3.7 Useful Constants
comma : doc? |
(char #\,)
semi : doc? |
(char #\;)
colon : doc? |
(char #\:)
lparen : doc? |
(char #\()
rparen : doc? |
(char #\))
lbracket : doc? |
(char #\[)
rbracket : doc? |
(char #\])
lbrace : doc? |
(char #\{)
rbrace : doc? |
(char #\})
langle : doc? |
(char #\<)
rangle : doc? |
(char #\>)
space : doc? |
(char #\space)
ellipsis : doc? |
(text "...")
squote : doc? |
(char #\')
dquote : doc? |
(char #\")
dot : doc? |
(char #\.)
backslash : doc? |
(char #\\)
equals : doc? |
(char #\=)
4 Haskell Compatibility Library
(require (planet dherman/pprint:4/haskell))

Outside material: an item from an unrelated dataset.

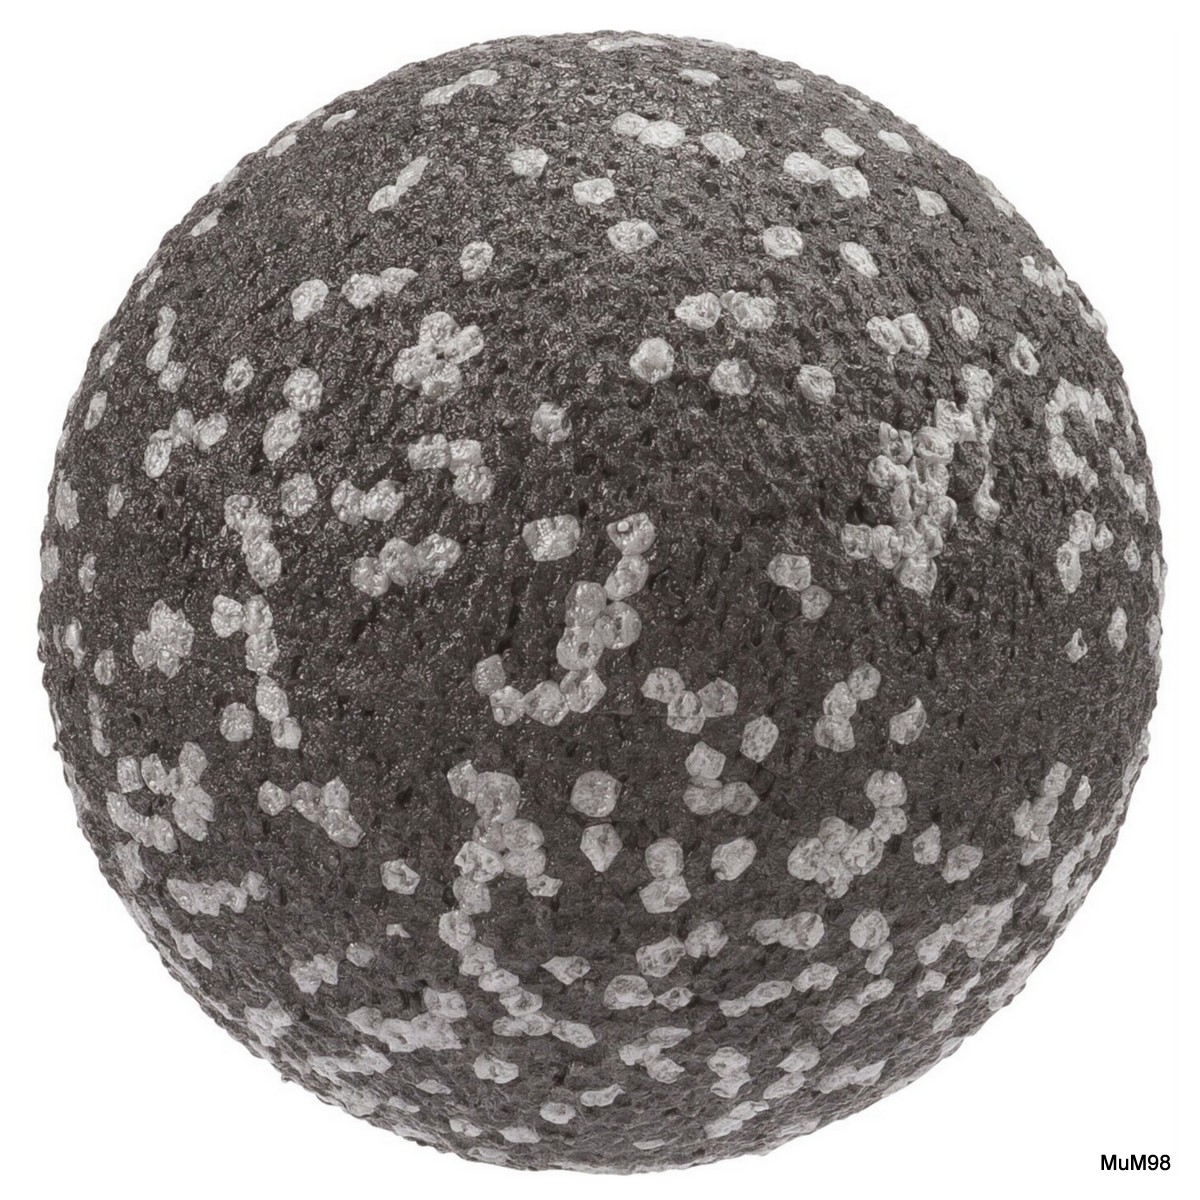 BLACKROLL Faszienball 8 cm
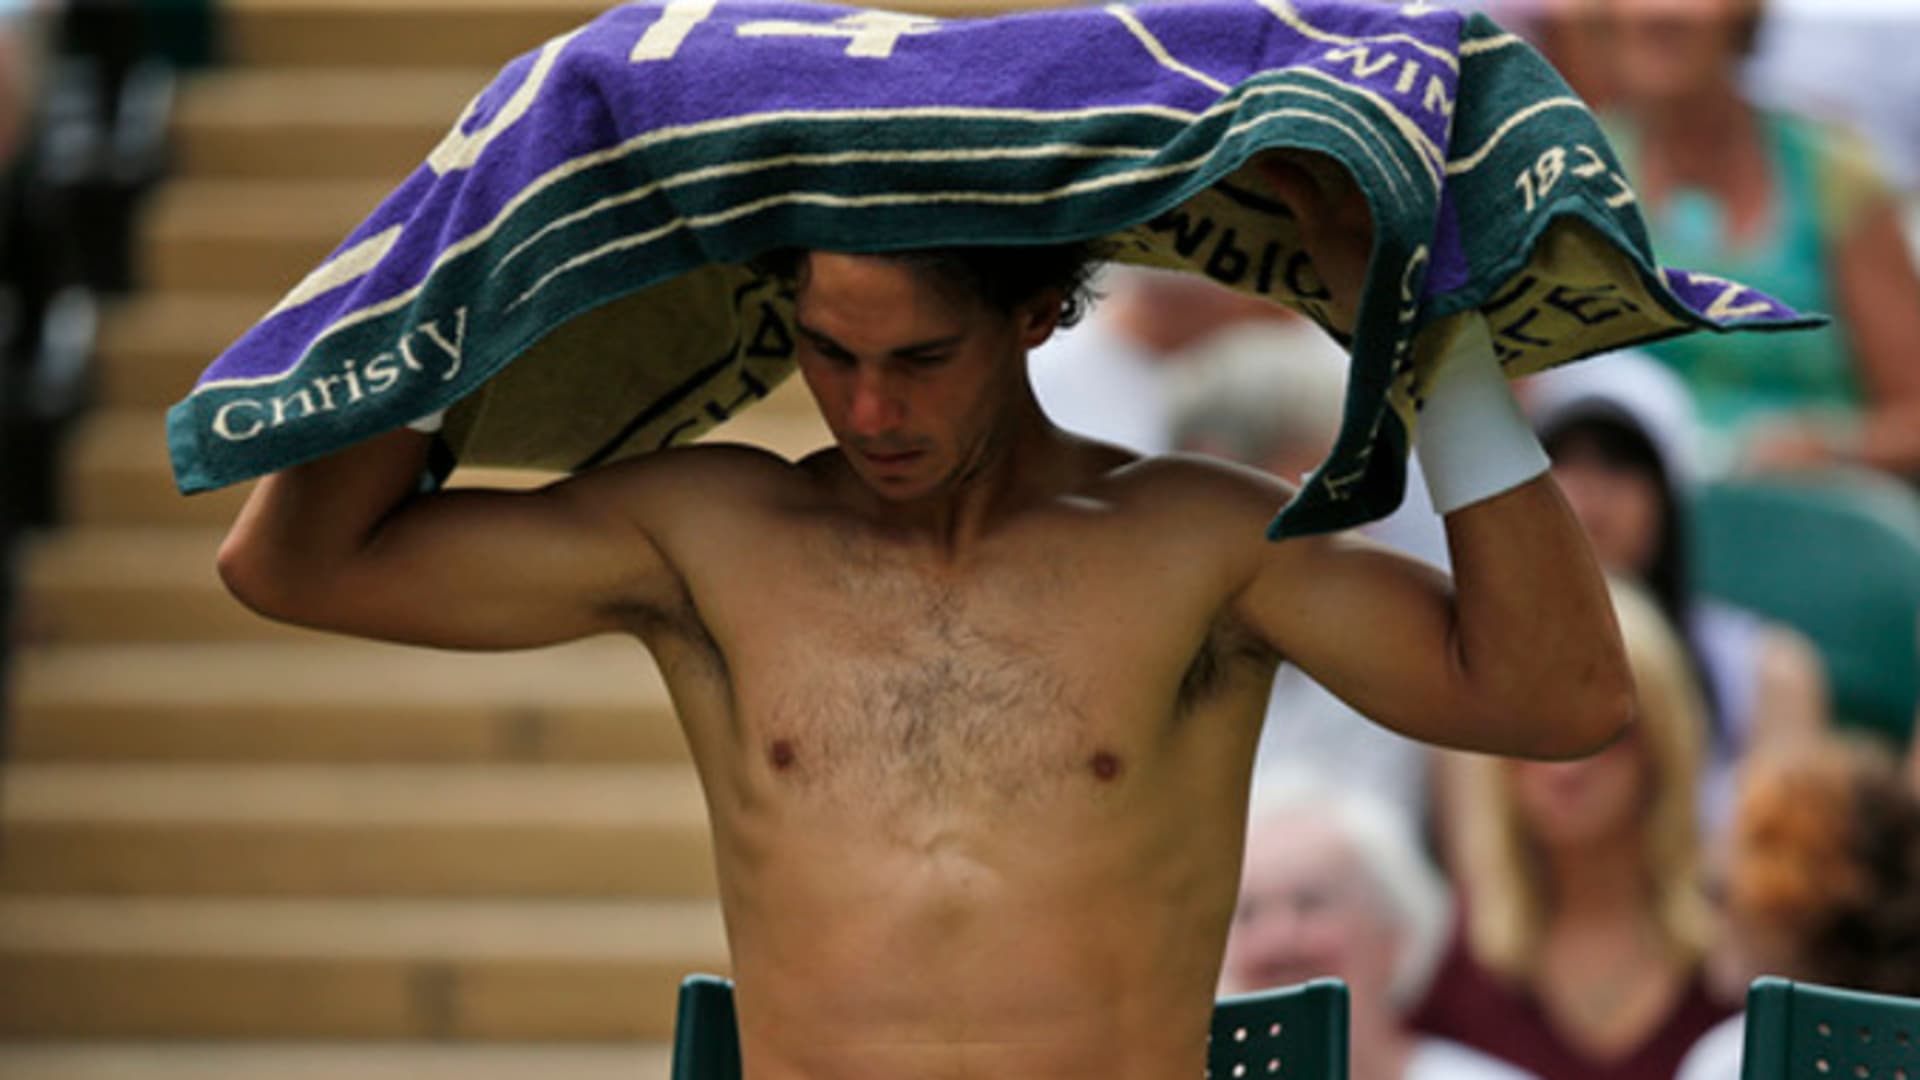 Rafa Nadal Strips Down to His Underwear in New 'Tommy Hilfiger' Ads 2015 –  Rafael Nadal Fans

For those who are more familiar with the names in the Haskell library, this library is provided as a compatibility mode. (This might be useful for porting existing Haskell code, for example.)
empty : doc? |
Same as empty.
char : doc? |
Same as char.
text : doc? |
Same as text.
nest : (natural-number/c doc? -> doc?) |
Same as nest.
group : (doc? -> doc?) |
Same as group.
line : doc? |
Same as line.
linebreak : doc? |
Same as break.
softline : doc? |
Same as soft-line.
softbreak : doc? |
Same as soft-break.
<> : (doc? ... -> doc?) |
Same as h-append.
<+> : (doc? ... -> doc?) |
Same as hs-append.
<$> : (doc? ... -> doc?) |
Same as v-append.
</> : (doc? ... -> doc?) |
Same as vs-append.
<$$> : (doc? ... -> doc?) |
Same as vb-append.
<//> : (doc? ... -> doc?) |
Same as vsb-append.
hcat : ((listof doc?) -> doc?) |
Same as h-concat.
hsep : ((listof doc?) -> doc?) |
Same as hs-concat.
vsep : ((listof doc?) -> doc?) |
Same as v-concat.
fill-sep : ((listof doc?) -> doc?) |
Same as vs-concat.
sep : ((listof doc?) -> doc?) |
Same as v-concat/s.
vcat : ((listof doc?) -> doc?) |
Same as vb-concat.
fill-cat : ((listof doc?) -> doc?) |
Same as vsb-concat.
cat : ((listof doc?) -> doc?) |
Same as vb-concat/s.
punctuate : (doc? (listof doc?) -> doc?) |
Same as apply-infix.
fill : (natural-number/c doc? -> doc?) |
Same as fill.
fill-break : (natural-number/c doc? -> doc?) |
Same as fill/break.
align : (doc? -> doc?) |
Same as align.
hang : (natural-number/c doc? -> doc?) |
Same as hang.
indent : (natural-number/c doc? -> doc?) |
Same as indent.
comma : doc? |
Same as comma.
semi : doc? |
Same as semi.
colon : doc? |
Same as colon.
lparen : doc? |
Same as lparen.
rparen : doc? |
Same as rparen.
lbrace : doc? |
Same as lbrace.
rbrace : doc? |
Same as rbrace.
lbracket : doc? |
Same as lbracket.
rbracket : doc? |
Same as rbracket.
langle : doc? |
Same as langle.
rangle : doc? |
Same as rangle.
space : doc? |
Same as space.
ellipsis : doc? |
Same as ellipsis.
squote : doc? |
Same as squote.
dquote : doc? |
Same as dquote.
dot : doc? |
Same as dot.
backslash : doc? |
Same as backslash.
equals : doc? |
Same as equals.
5 Design Notes
5.1 History
Functional pretty printers have a surprisingly long and illustrious tradition in the literature. The ancestry of this library goes something like this:
1995 - John Hughes publishes a paper [Hug95] on creating an algebra of "pretty documents" for the implementation of a pretty-printing library.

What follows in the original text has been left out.